What do you have in the container logs when you try to launch after removing the run-as-root and the IGNITION_UID/IGNITION_GID environment variables? It might help to see the exact error[s].
When you launch as root (i.e. uid:gid 0:0), and you've specified the IGNITION_UID and IGNITION_GID vars, you should see something to the effect of:
init | 2024/05/29 13:48:47 | Adjusting ownership of 487 Ignition installation files to uid=2003,gid=2003.
... indicating that the entrypoint (as root) has updated the permissions of those files to match the target user/group.
EDIT: I did a quick sanity check w/ launching our old 8.1.1 image and upgrading [to 8.1.41] as described above and everything worked as expected.
Here are the logs when it is run with IGNITION_UID=2003 and IGNITION_GID=2003 and user: 0:0. This is not from the time that the image was upgraded, and I may not have access to the logs from when it was upgraded until I can upgrade another instance in a couple of weeks.
I'd double check whether you've successfully applied those environment variables.

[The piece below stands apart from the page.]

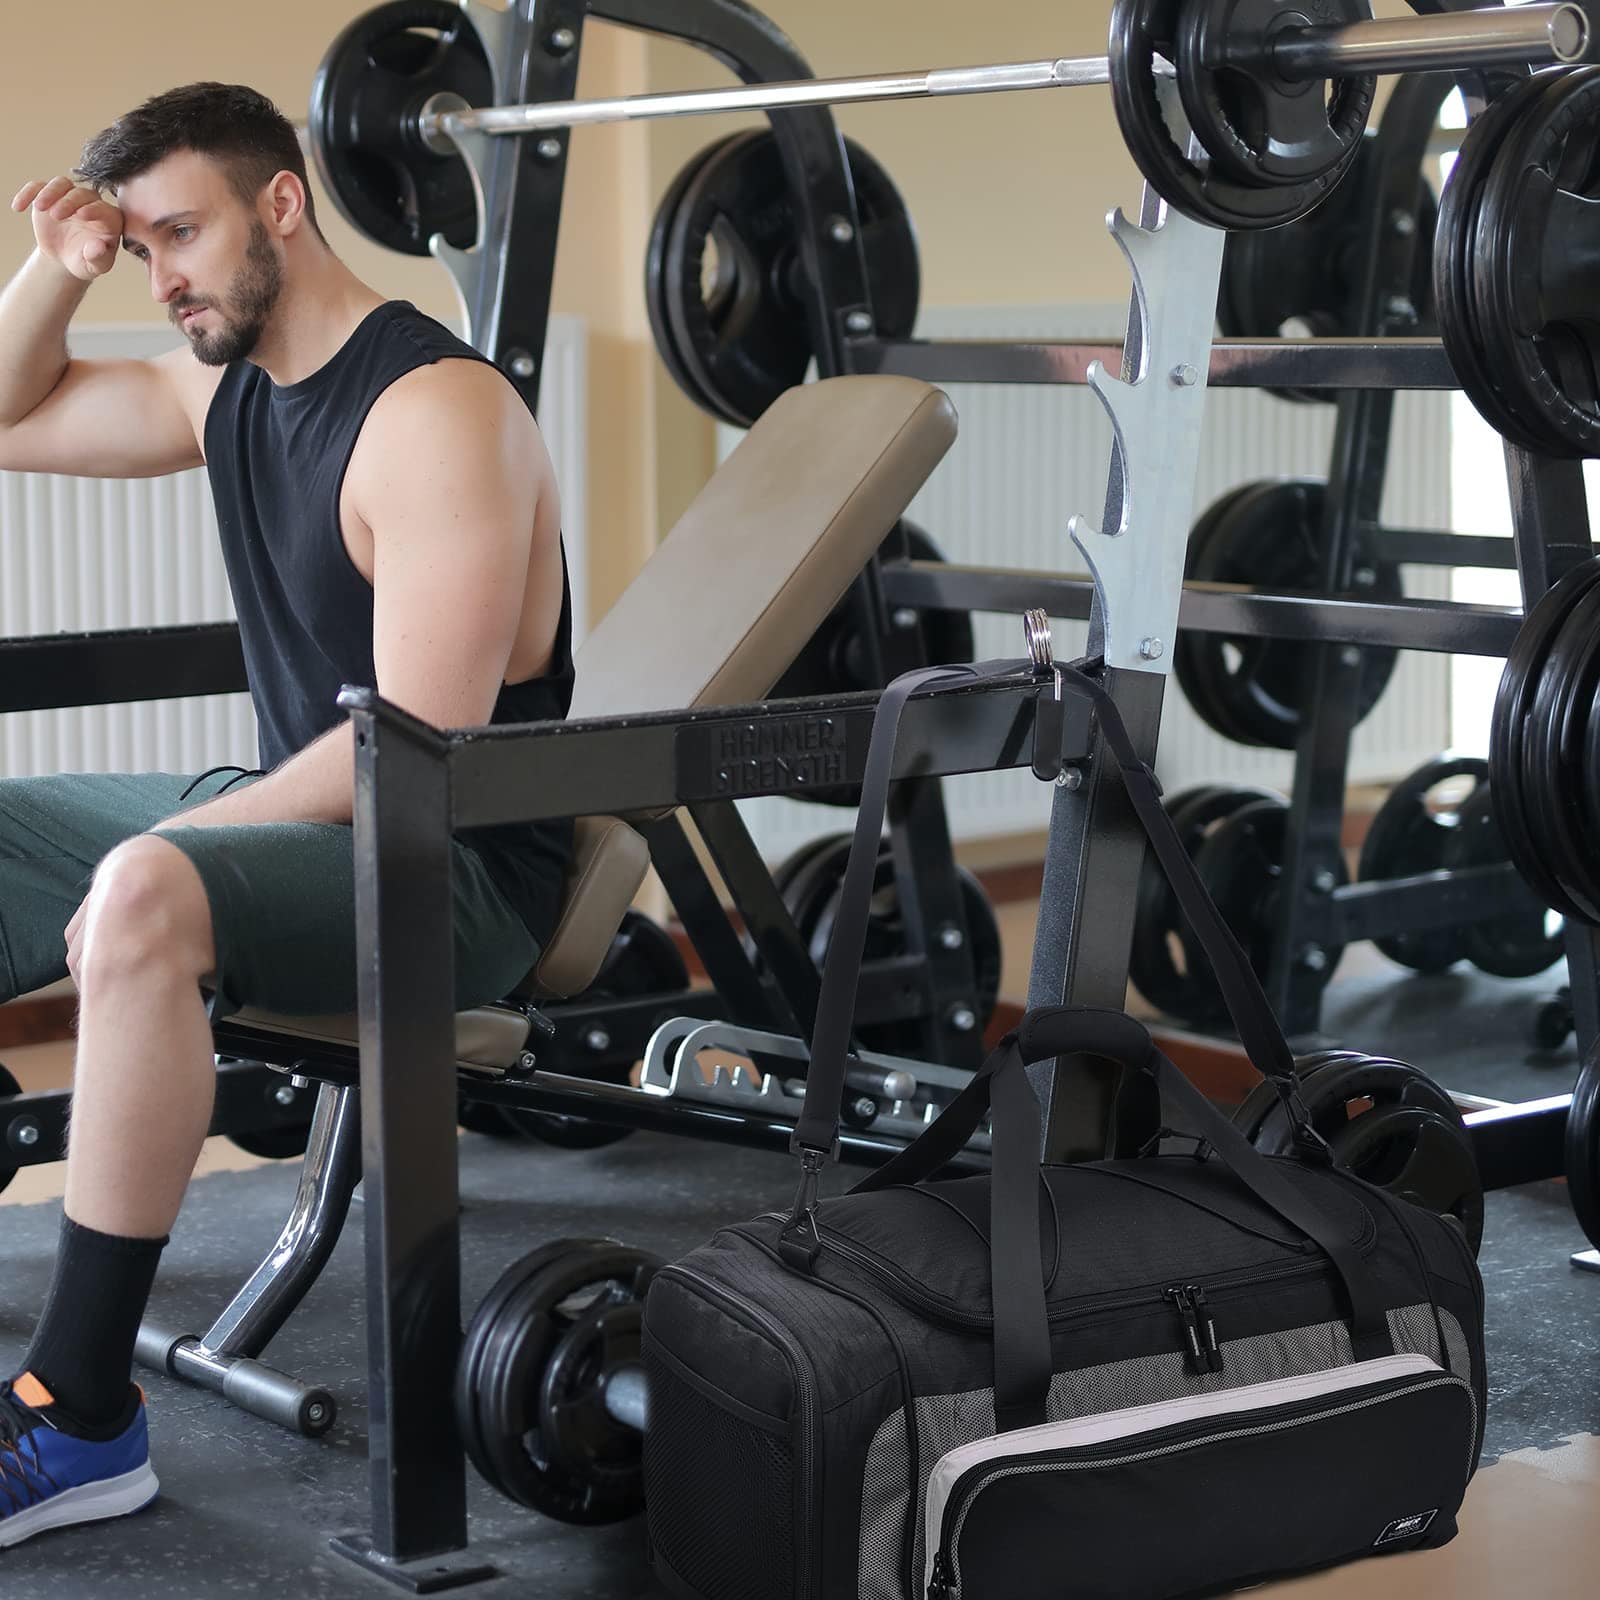 Large Sports Gym Bag Duffel Bag with Shoe Compartment, 60L Gym Duffel Bag MIER
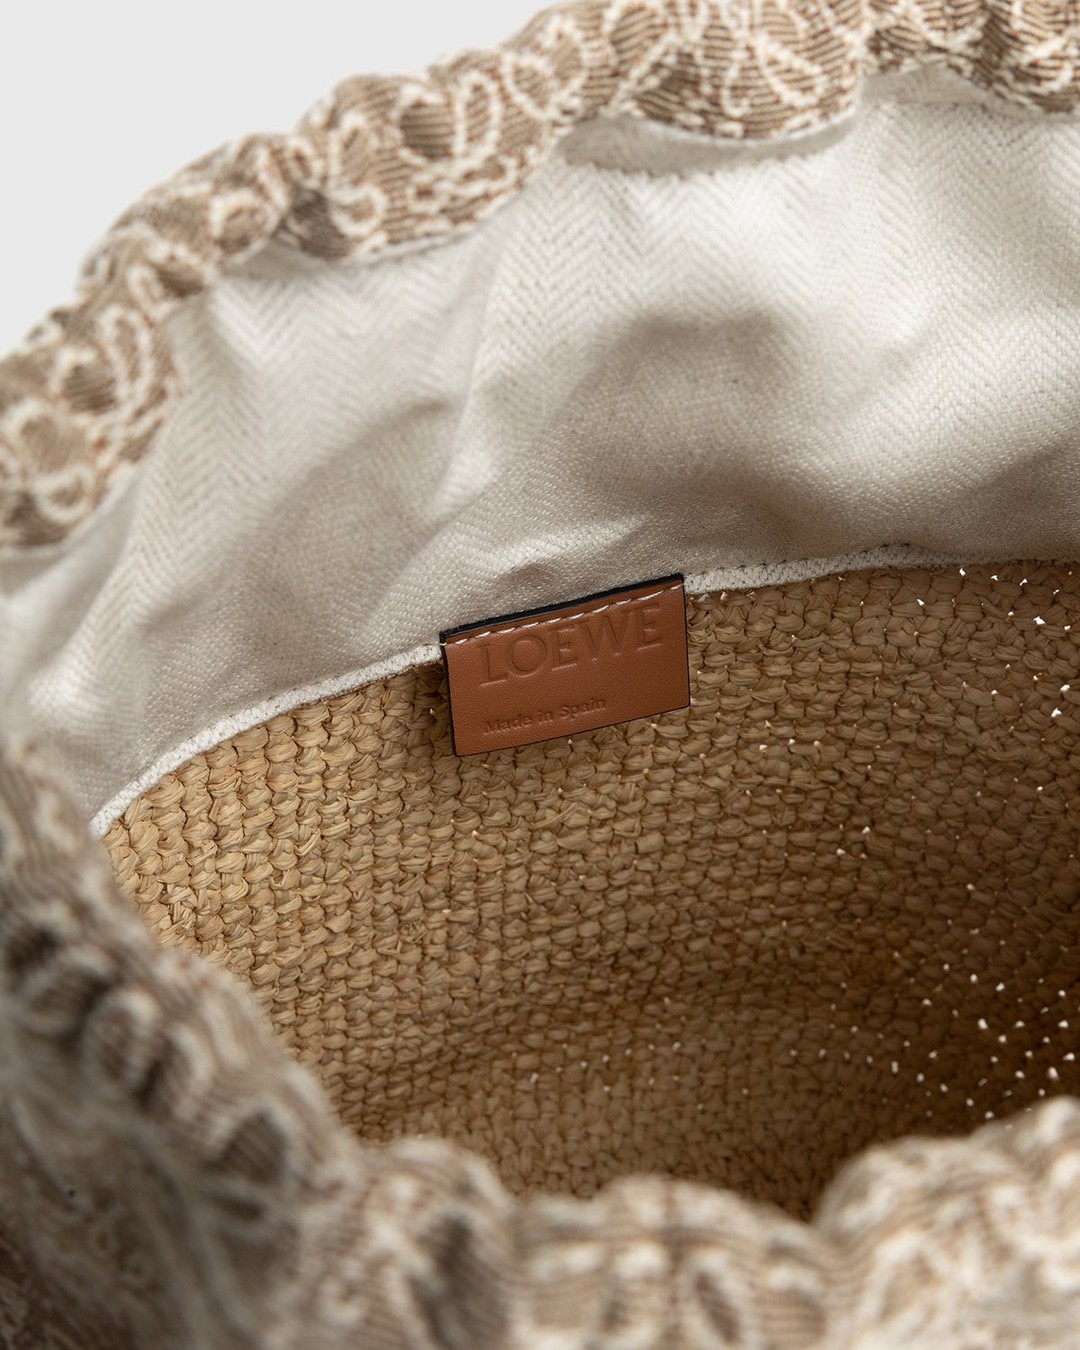 Loewe – Paula's Ibiza Pochette Anagram Basket Bag Natural/Tan - Bags - Beige - Image 4

One way to check would be to inspect the currently running container, e.g. ( make sure you don't post this output if you've got sensitive values in the environment):
If those environment variables are applied and you've launched the container as root, then you should see something like this at the beginning of the logs:
...
init | 2024/06/03 19:46:37 | Adjusting ownership of 487 Ignition installation files to uid=2003,gid=2003.
init | 2024/06/03 19:46:37 | Staging user step-down from root to uid=2003,gid=2003
...
Are there any other particulars of this environment that you can share? Is this just running on a typical flavor of Linux with Docker Engine?